When my second son was seven (say that three times fast) he happened to notice that, as I was shaving, I kept the hot water running. “Dad,” he told me a little sheepishly, “the Teenage Mutant Ninja Turtles say you shouldn’t keep water running when you wash.” My response would draw the ire of many: “Son, when the Teenage Mutant Ninja Turtles pay my water bill, they can tell me how much water I can use.”
Consider that story in relation to this next one. I watched a news report about a 19 year old mother of two, apparently (though it was not said definitively, to be fair) by two different fathers, lamenting that she could not afford health care for her babies with the fast food job she held, the only job she could get. The point of the story was that this was why we need national health care.

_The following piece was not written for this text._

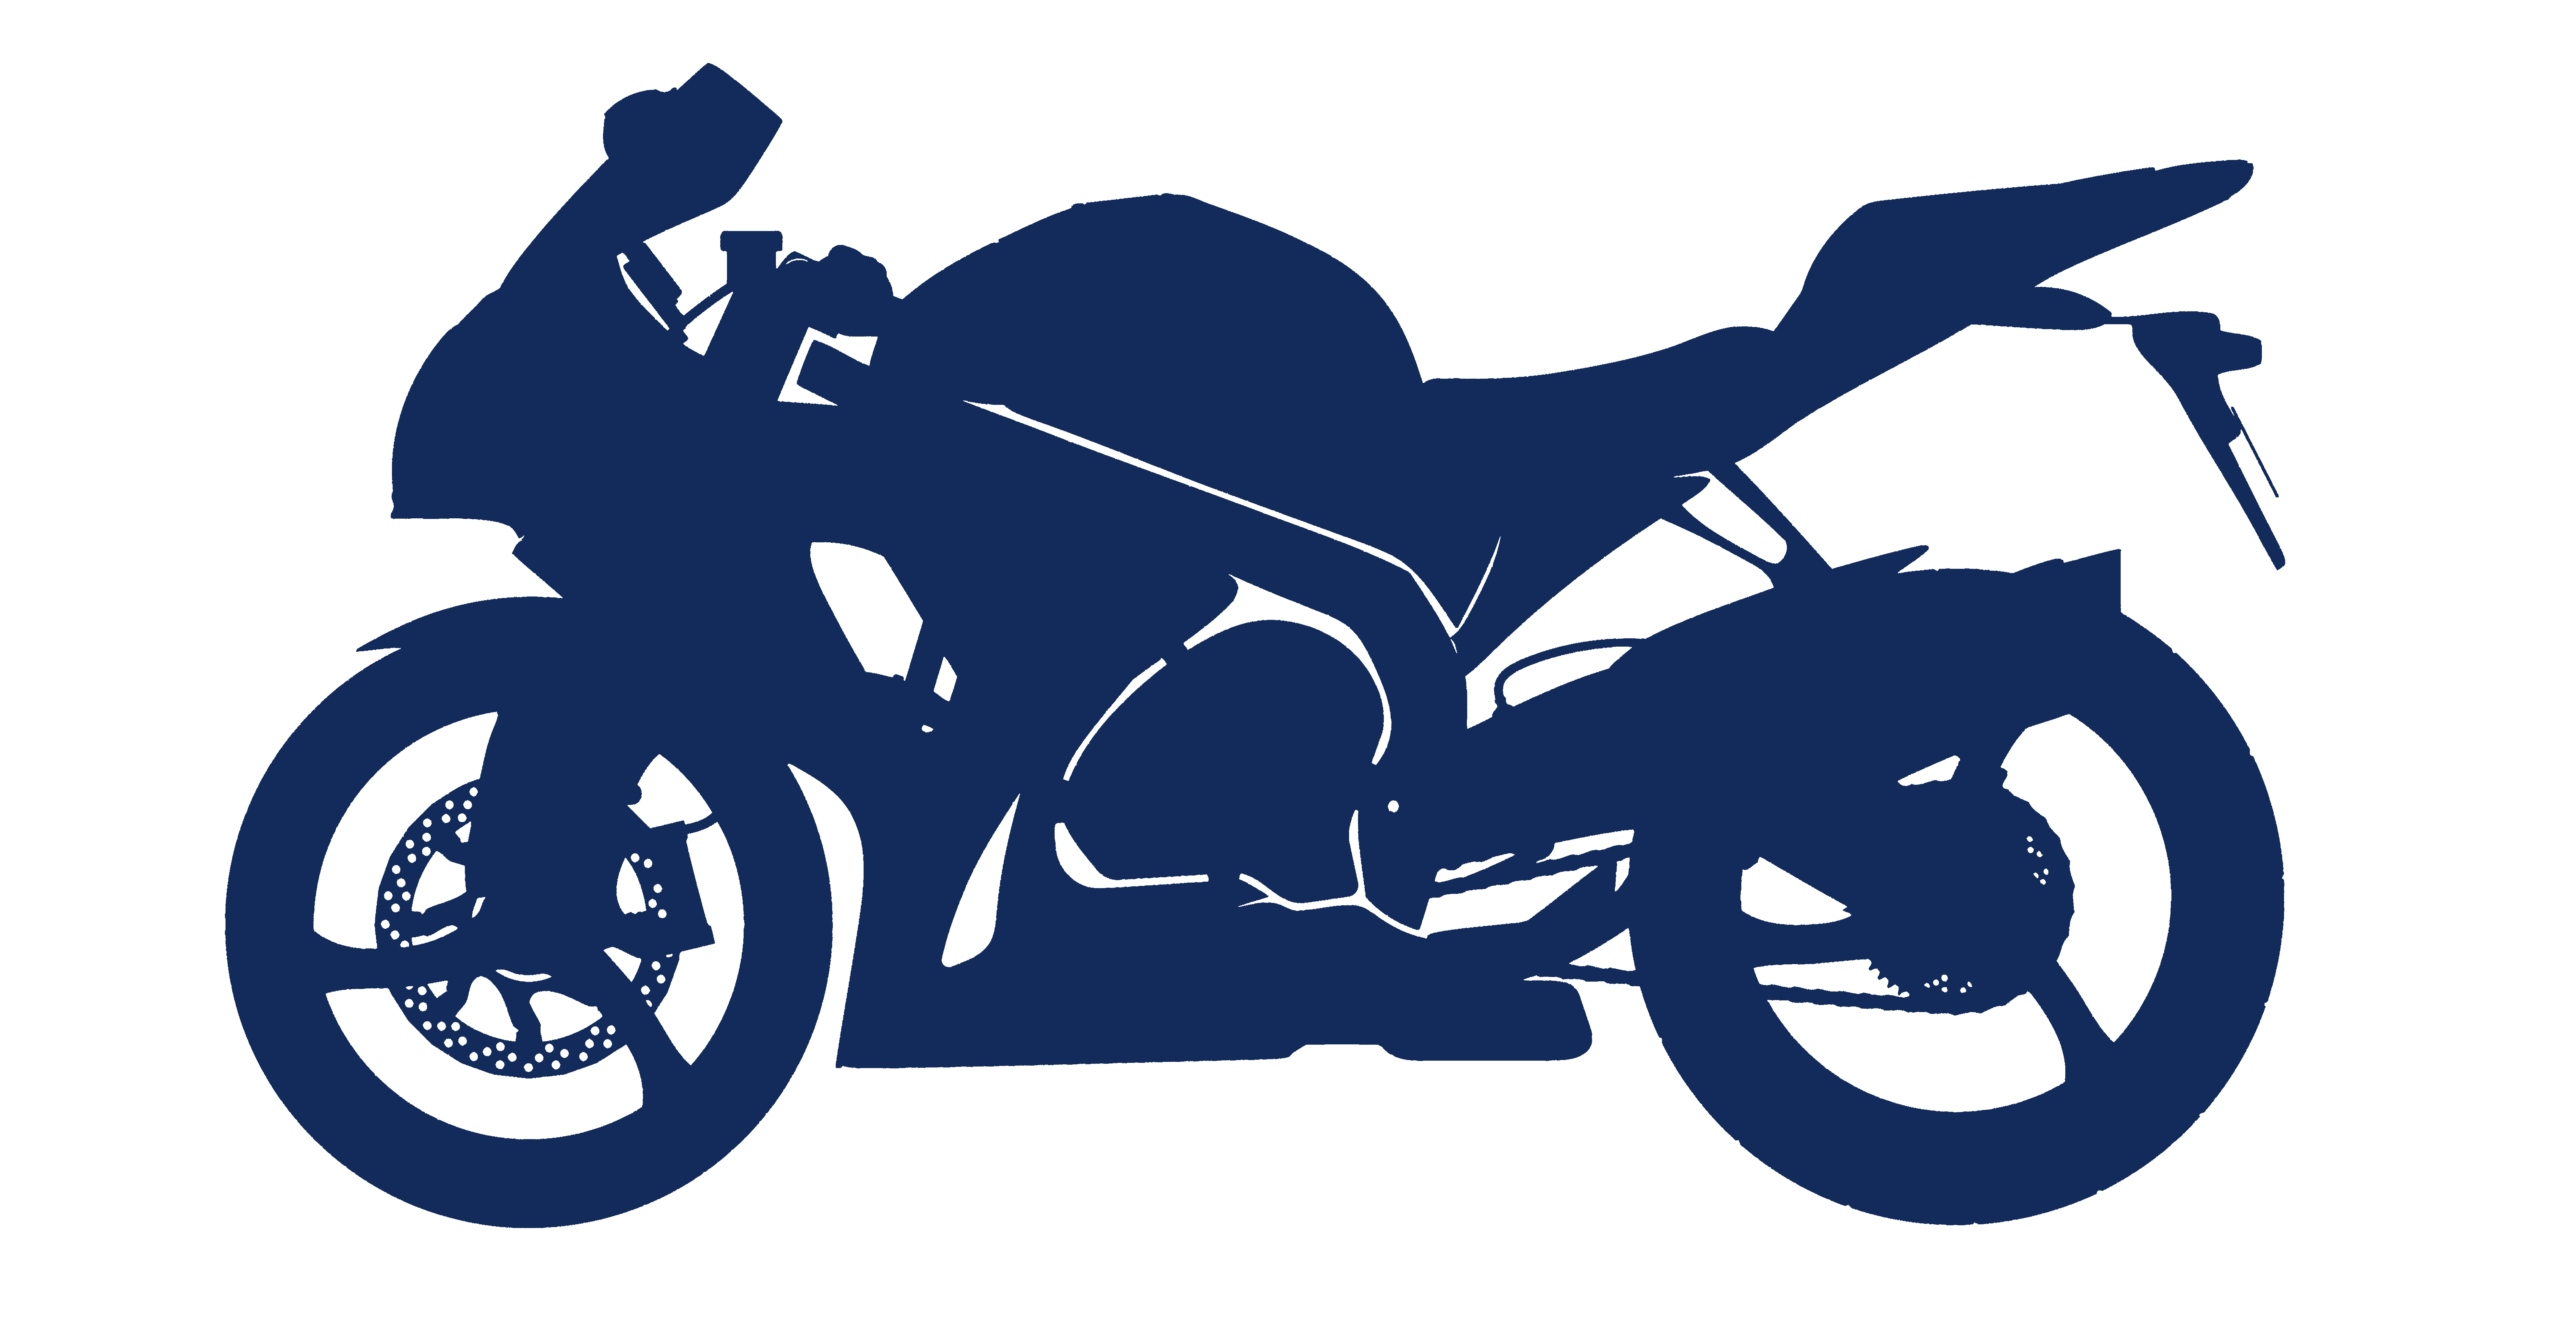 Blue silhouette of a sport motorcycle
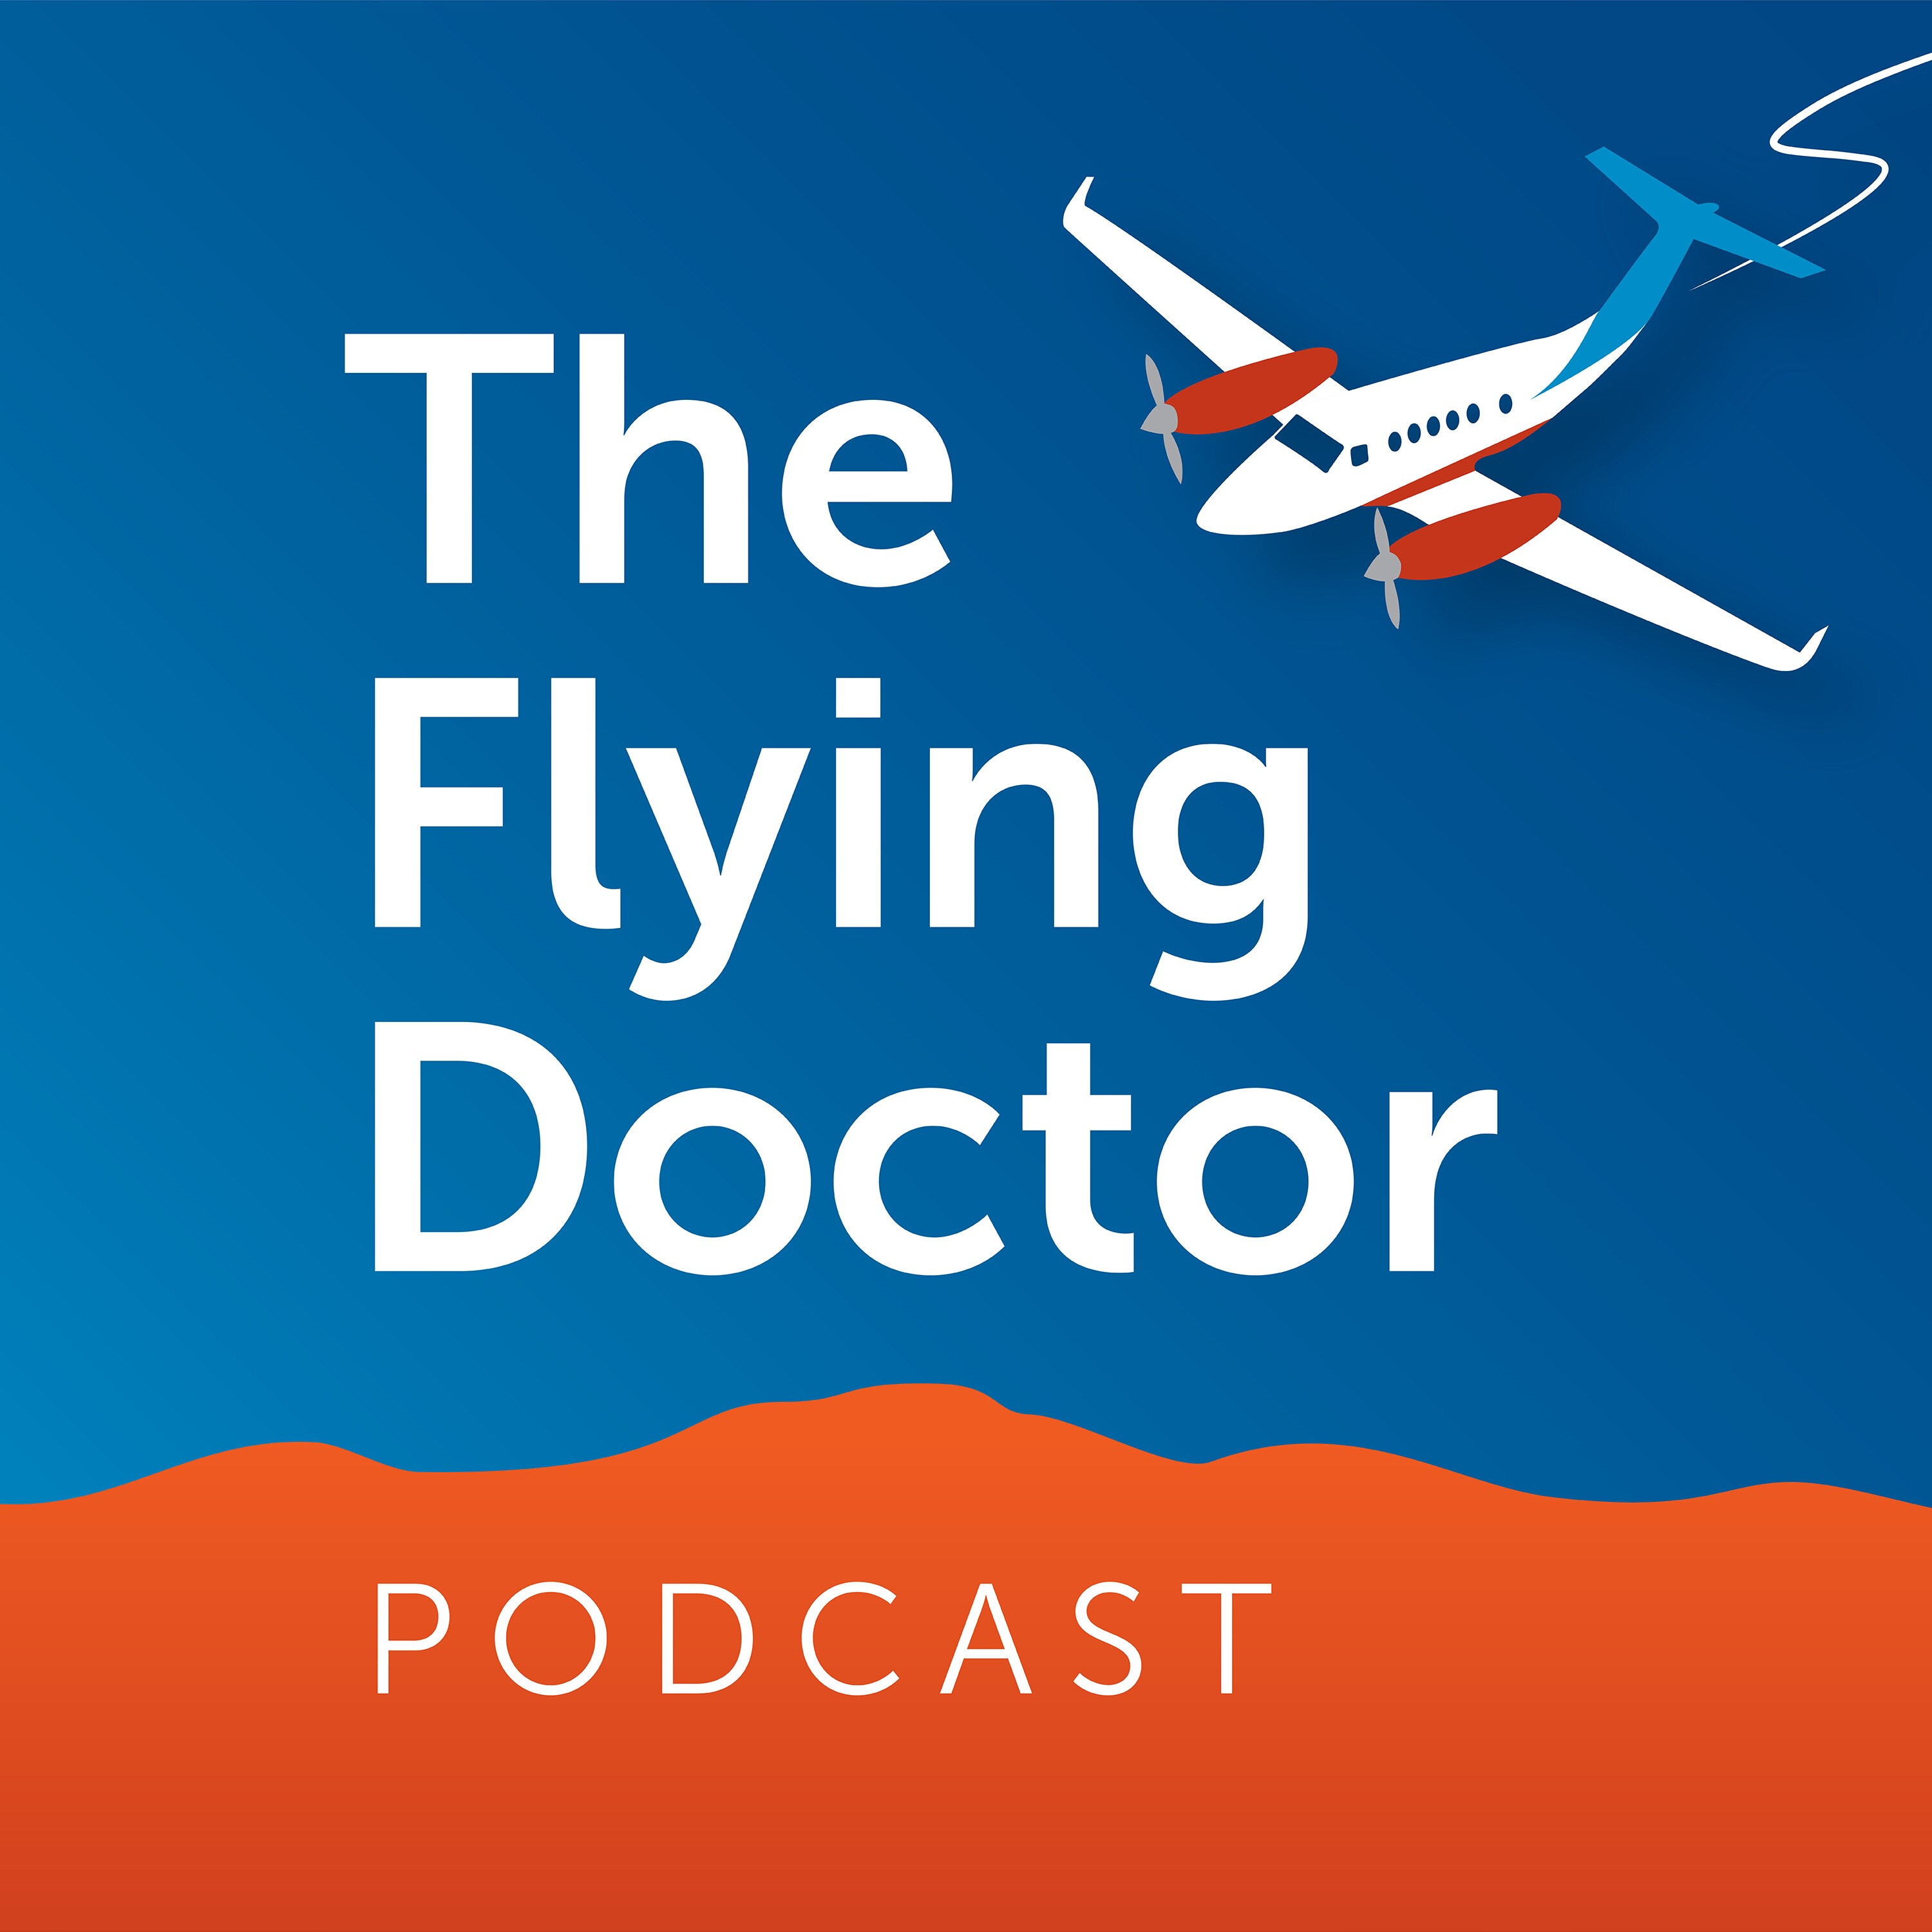 #77 Dr Katrina Starmer tells how she was inspired to become a Flying Doctor

Now, were I to have told her before she chose to have sex that she should not do that as it may lead to pregnancies she would not be economically able to handle, indeed that she ought to wait until at least the time when she was able to care completely for her own children as one of the risks of sex is pregnancy, I am certain I would have been told that her actions were none of my business. Further, I am also quite sure that the general community would support her assertion. Why? Because I have no right to make comment on her morals.
Several things come to mind as I contrast these items. I would like to point out two. First, I am told I cannot tell that young woman how to act. Yet as a direct consequence of her chosen irresponsibility, I am later being told I need to pay for the results of her free will action.
Second, when I am paying out of my own funds for every drop of water I elect to use, I am told I am irresponsible.
Think about that for a moment. Then you tell me the folly of our approach to right and wrong in America today.